The Non-Existent Syndrome

Women may be sad or depressed after an abortion, but that doesn't suggest a "post-abortion syndrome," which is based on the idea that the sadness would be absent but for the abortion, and that a woman's mental health would be fine if she'd chosen to have the baby.

Someone wiser than I once described the Fox News motto of "fair and balanced" as the presumed moral obligation to balance every truth with a lie. I reflected on that when reading about a recent bill that Congress has passed to give more money towards the research of postpartum depression. Surely the only people out there wigged out by the idea of further research into this affliction that affects, to various degrees, a fifth of new mothers are those who think it was a good idea for Tom Cruise to hop all over Oprah Winfrey's couch. But of course, the idea of women receiving real help smells like blood on the water for anti-choicers and they dove in to mess with it.

In a compromise reached with Rep. Joseph Pitts, R-Pa., an anti-abortion leader, the bill also includes a nonbinding sense of Congress endorsing studies into mental health issues related to abortions and miscarriages.

Pitts said that while postpartum depression is a real and serious disease, "I believe it is just as important to know the effects of adoption, miscarriage and abortion in order to properly help women."

Even though he used weasel words, we all know that Pitts means to push the idea that scientists should research "post-abortion syndrome," but of course the resolution had to be non-binding. You can't ask researchers to waste their time investigating non-existent phenomenon, like "post-abortion syndrome" or whether or not a murderous old queen will appear in your mirror if you say "Bloody Mary" three times in the dark. In general, scientists react with hostility to requests that they waste time and money that could be spent exploring real world phenomena and actually helping people. Investigations into "post-abortion syndrome" have resulted in the conclusion that there's no there there, and you can't continue to throw money at it, hoping that enough cash will create a syndrome out of thin air.

Certainly there are women who claim to be suffering from post-abortion syndrome. However, it appears that more than just having an abortion goes into developing this syndrome. Since most and quite possibly all women who claim to suffer from this have not only had an abortion but subsequently joined an anti-choice organization that needed them to feel really bad about their choice, it appears that the major cause of "post-abortion syndrome" is joining such an organization. So if you'd prefer to avoid this syndrome that American Psychological Association and American Psychiatric Association have both determined does not exist, your best bet is to avoid anti-choice organizations and guilt trips, not to avoid abortion.

None of this is to say that women can't be sad, depressed, or have mixed emotions after an abortion, but those are much different things than "post-abortion syndrome," which is based around the idea that the sadness, depression, or mixed feelings would be absent but for the abortion, and that a woman's mental health would be fine or at least improved if she'd chosen to have the baby. Some anti-choicers go even further and insinuate that motherhood itself is the great salve–how could it not be? A woman's entire life duty is motherhood, and in their view, filling your duty is the key to mental health, or an adequate replacement for mental health anyway. (Cue "Mother's Little Helper" by the Rolling Stones.)

"Post-abortion syndrome" isn't real, but postpartum depression most certainly is. Unlike "post-abortion syndrome", postpartum depression has been well-documented and firmly linked to the childbirth process. It's not like new mothers are joining up with anti-child organizations in large numbers and succumbing to postpartum depression to demonstrate that they're really, really sorry they had a baby to their new friends. In fact, basically no one clamoring for more research into postpartum depression has a political agenda in trying to deter women from giving birth. They like mothers–they usually are mothers. They just want women to be able to be mothers without so much mental health danger.
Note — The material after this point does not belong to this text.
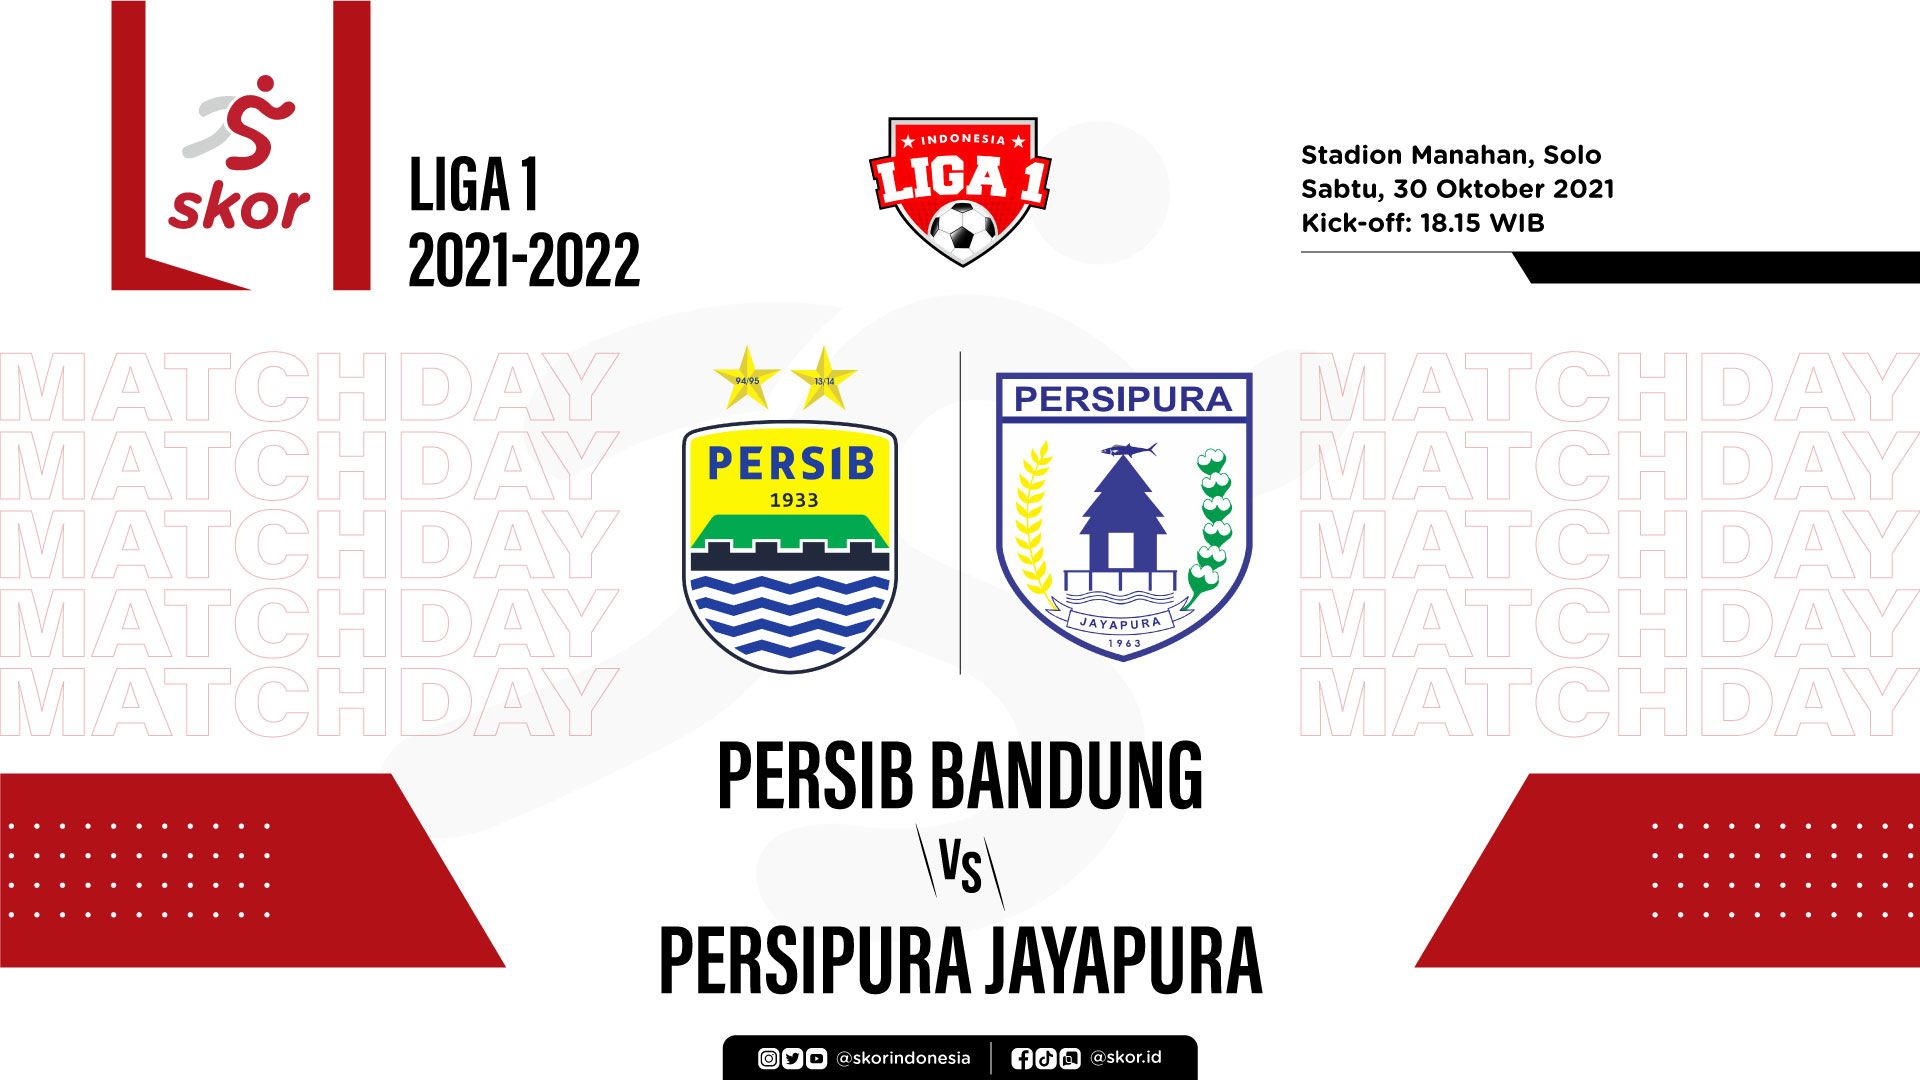 Persib Bandung vs Persipura Jayapura
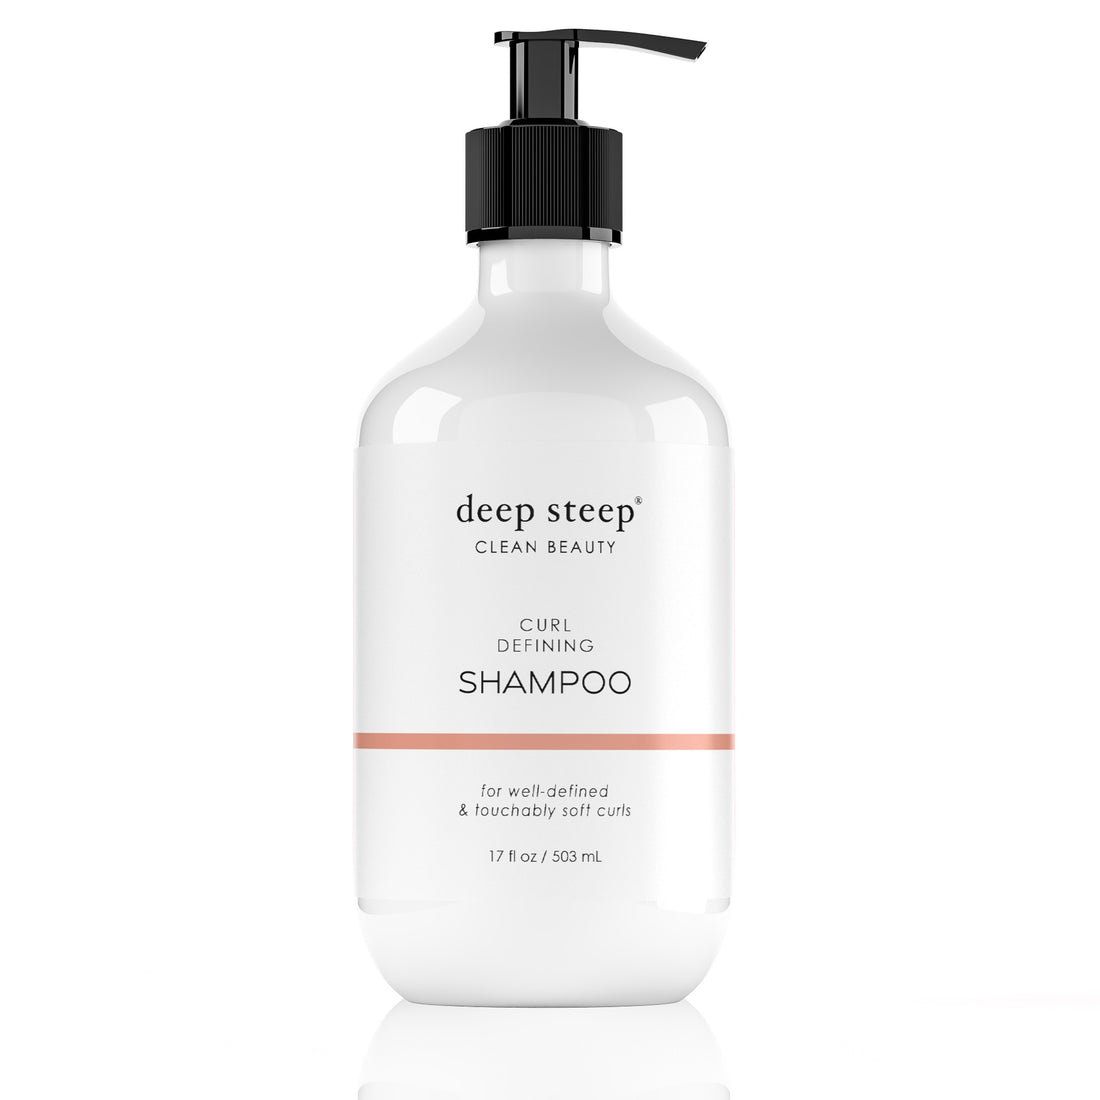 Curl Defining Shampoo

It takes a mind bent by ideological sexism to react as strangely to calls for more research into postpartum depression as Rep. Pitts did. You get the distinct impression from anti-choicers who tout "post-abortion syndrome" that if they did manage to prove that this syndrome exists, and a cure was found, they'd probably end up opposing the cure. So why ask for more research? Well, it's a bit of legalistic superstition, I think. Pitts and his anti-choice crew hope that by simply injecting the words over and over again into bills and court documents, they can make this non-existent syndrome real by repetition. In fact, it's a lot like saying "Bloody Mary" out loud in the mirror with the belief that eventually she'll appear.

I suspect part of it is hostility to the existence of postpartum depression, and not for the obvious reason that one would oppose the existence of depression. It's less a concern for those suffering and more a concern that the existence of postpartum depression exposes the lie at the heart of the belief that abortion hurts women. If you think that childbirth has the magical power to turn every woman from a bad, forsaken, sexual being into a beaming, haloed symbol of innocent and pure baby-cradling joy, the reality that some women (even though they love their children) plunge into despair and tears puts a few cracks into the anti-choice wall. Childbirth may not be the great mental health salve it's touted to be by anti-choicers pushing the "post-abortion syndrome" line. The gravity of having children makes the necessity of choice all the more evident.